# Bessacar Electrics



## 108821 (Dec 21, 2007)

:evil: have bessacar 765 step does not auto retract and control panel does not auto switch off on start up are they connected by common fuse
HELP


----------



## 1happy (Jun 15, 2005)

Hi jovik.
I think if you can't find this in your handbooks, then I would phone the supplying dealer.
If you bought privately then phone & ask Bessacar (This would fall into the good customer service category 8) )
Hope this helps
Regards C


----------



## Rapide561 (Oct 1, 2005)

*Bessacarr step*

Hi

What year model is your Bessacarr?

Russell


----------



## SwiftGroup (Jun 27, 2007)

*Contact*

Jovik

If you need to contact us, our telephone number is 01482 875740 we would need to know your vehicle details

Regards
Kath


----------



## SwiftGroup (Jun 27, 2007)

*Further information*

The following information may be helpful to you.#

Until 2007 season the relay and fuse for the auto-retract was fitted within the engine compartment under the bonnet and would need to be checked.

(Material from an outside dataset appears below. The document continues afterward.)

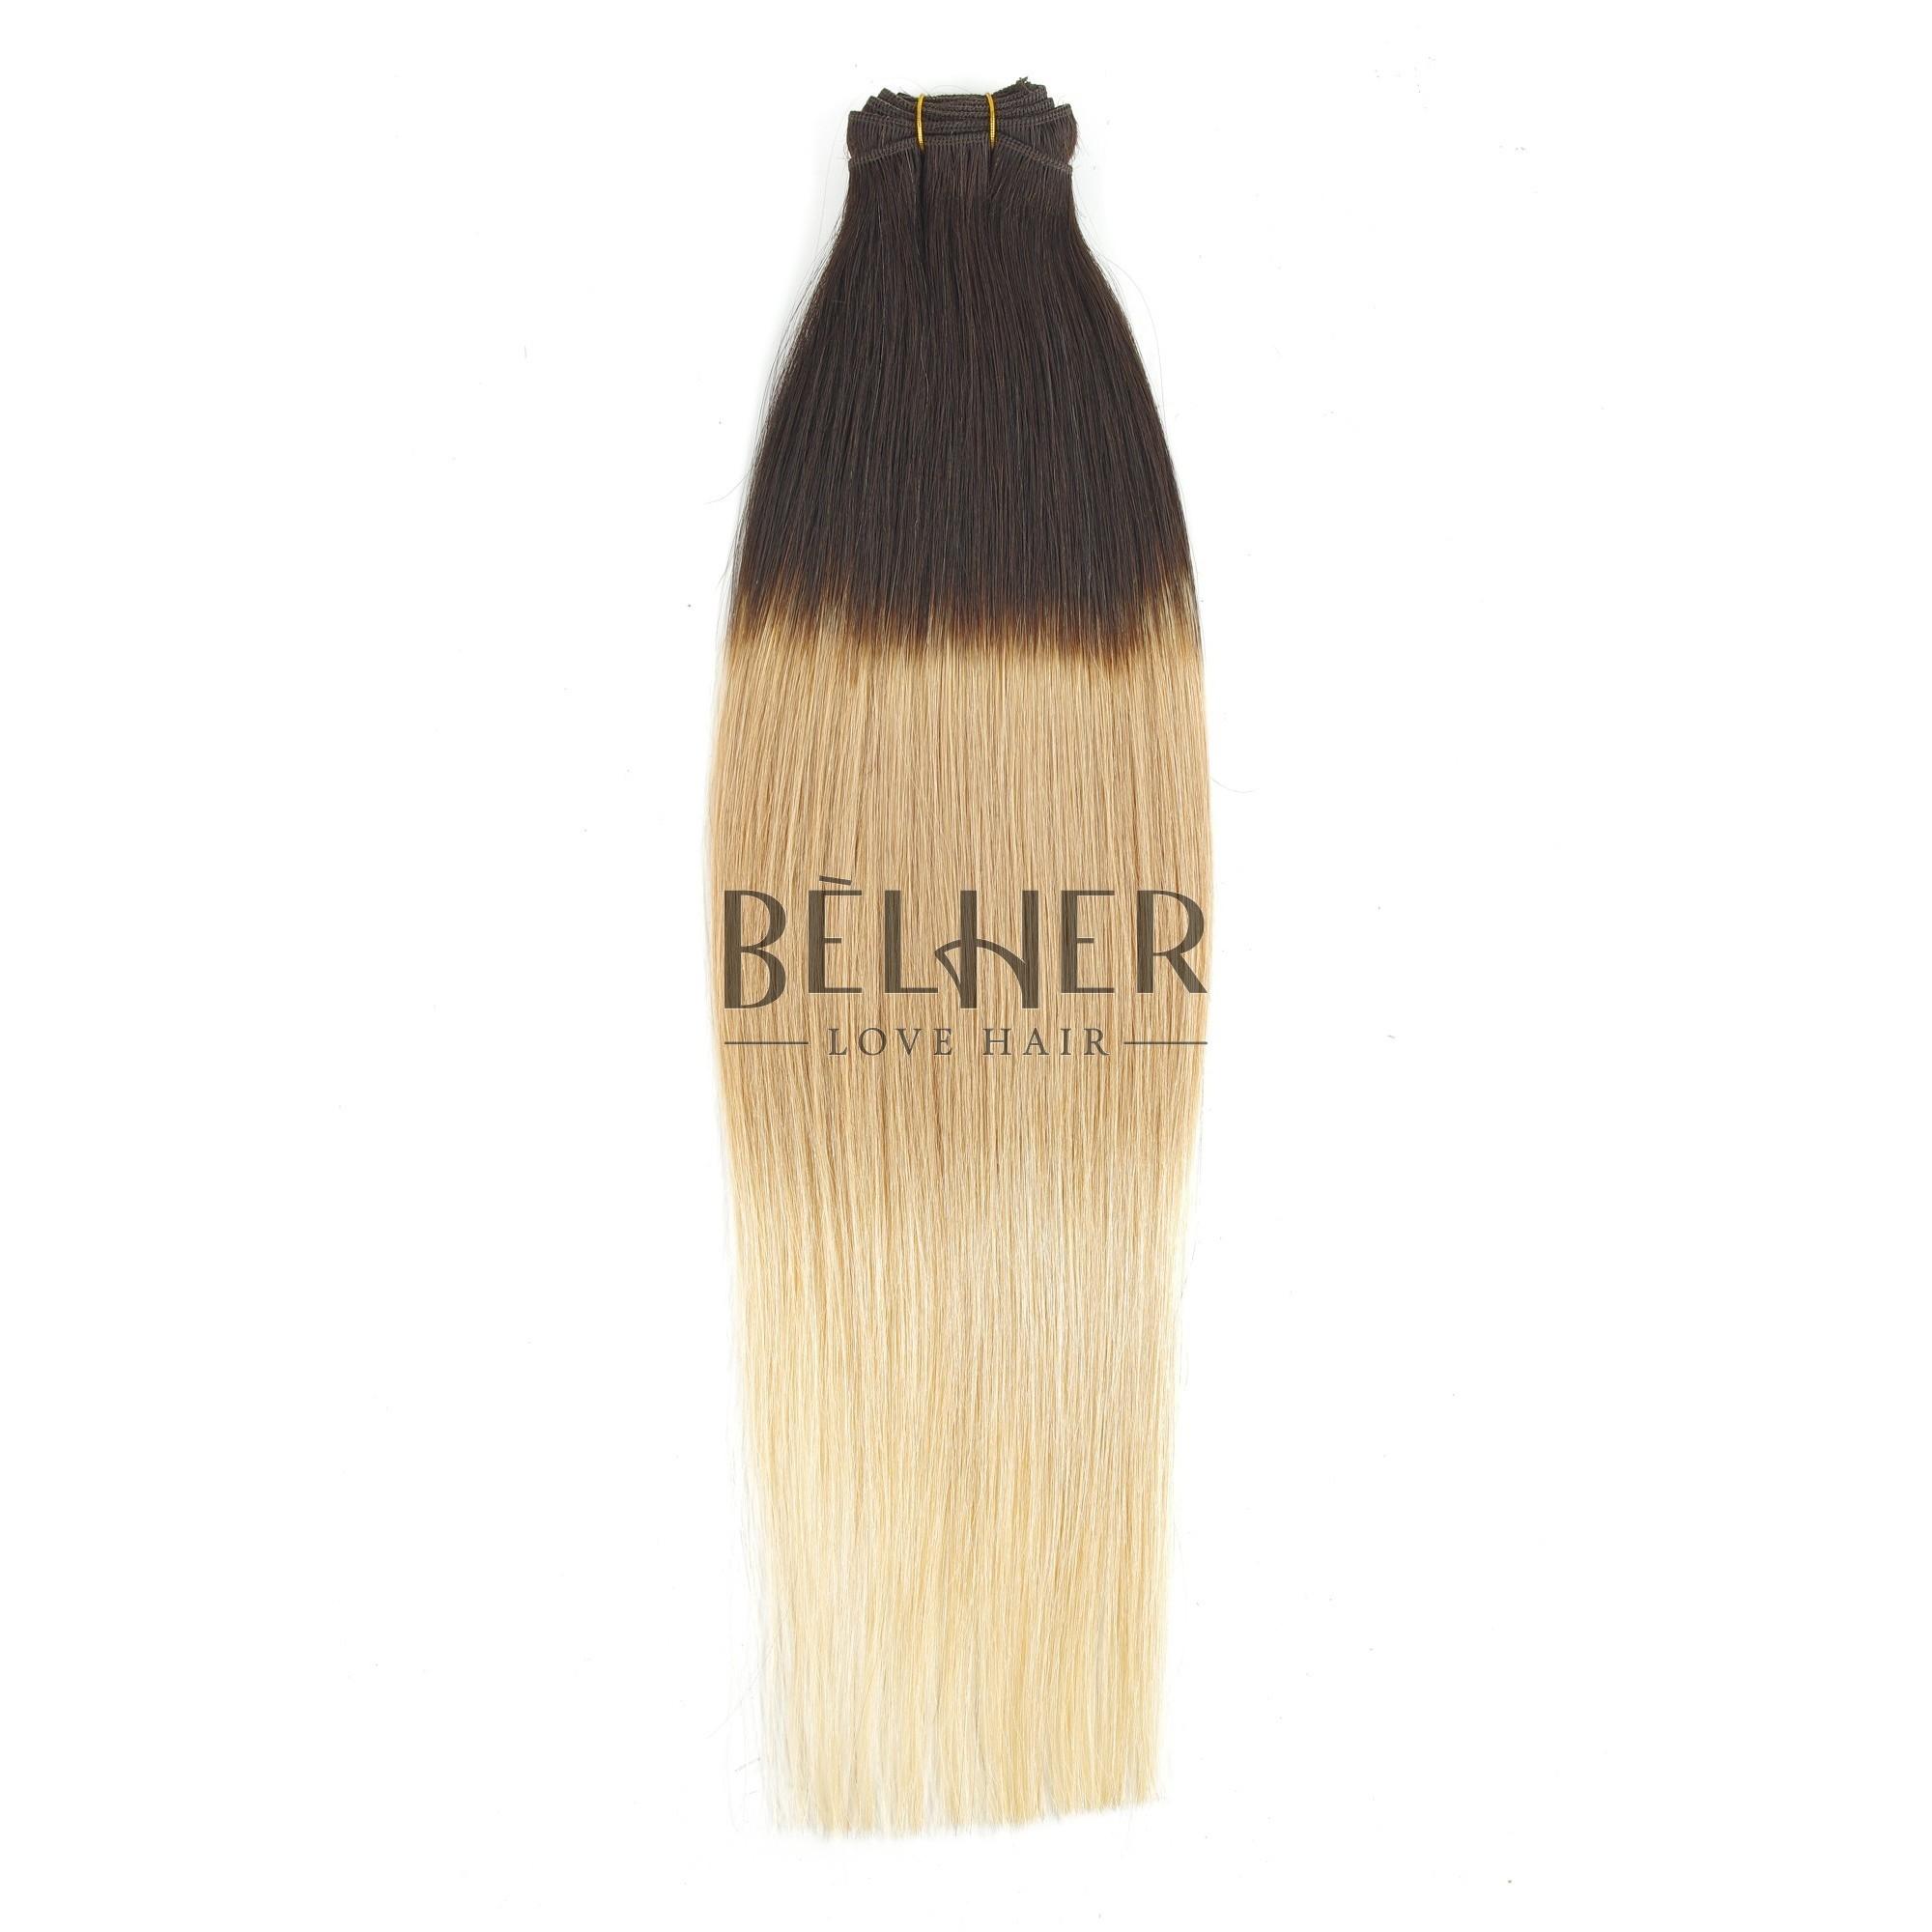 Extensii Cusute Premium Ombre Saten Inchis/Blond Cenusiu

From 2008 onwards we no longer fit under the bonnet. There should be a 
fiat output connection point at the bottom of the drivers cab seat seatbelt. The fuses we fit within the habiatation area (wardrobe or bedbox) draws a signal from this point to auto retract the step. Fuse 8 (15 amp) would need to be checked and also this connection point.

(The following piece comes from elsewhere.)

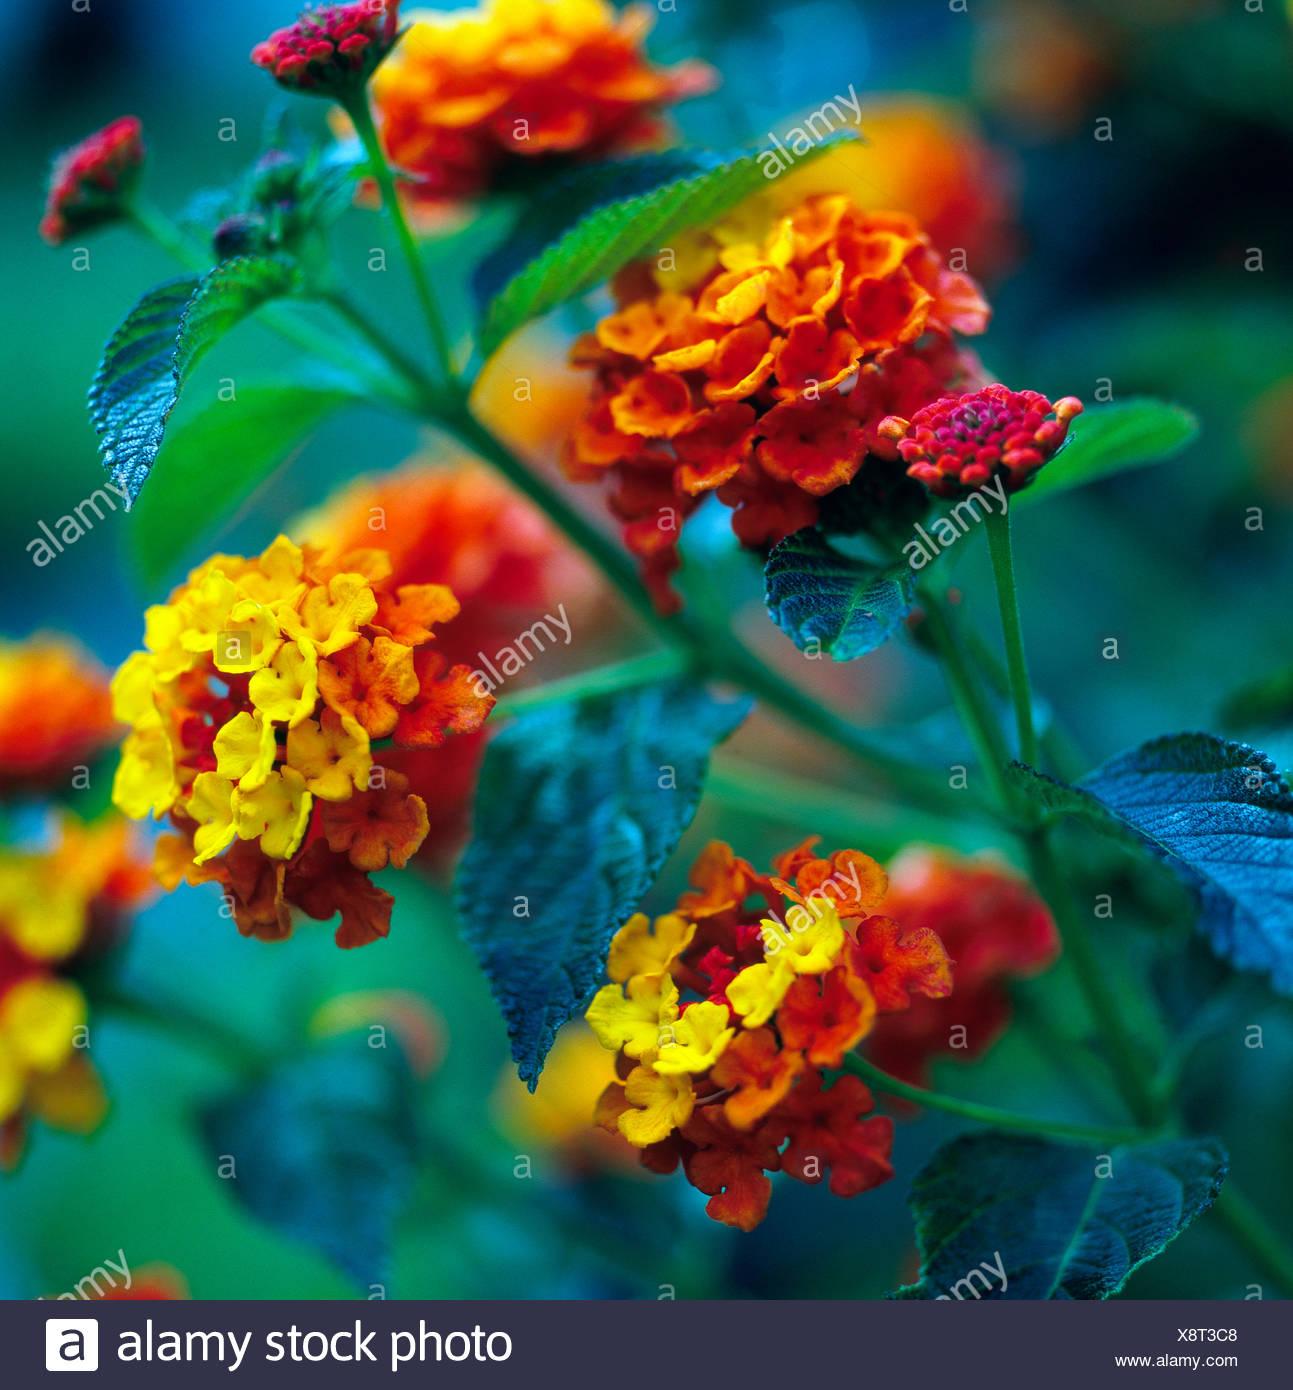 Ordinare Fiori.Rosso Giallo Ad Arancione Fioritura Fiore Di Ordinare La

With regards to the control panel if 2008 onwards the above issue could be the cause for it not shutting off due to a fault with the fuse or the fiat output.

Regards
Kath


----------



## 108821 (Dec 21, 2007)

*Bessacarr electrics*

:lol: my bessacar is 2006 where under the bonnet is relay and fuse please


----------



## backaxle (Nov 6, 2006)

Fantastic service from SWIFT I see,wish Autotrail posted on here,some one should give them a push(ATOC) maybe!!


----------



## SwiftGroup (Jun 27, 2007)

*Response*

Jovik

See yesterday's response.

It is under the bonnet

Regards
Kath


----------



## IRVO (Jul 1, 2007)

*Re: Bessacarr electrics*



jovik said:


> :lol: my bessacar is 2006 where under the bonnet is relay and fuse please


Jovik incase you never solved your problem and under the bonnet is a big place, l have the same van and also had the same problem, cant remember which one of two relays it was but exchange them over and you will find which one controls the step. My relays were to the right hand side forward of the cooling system exspansion tank good luck.

Regards

Brian


----------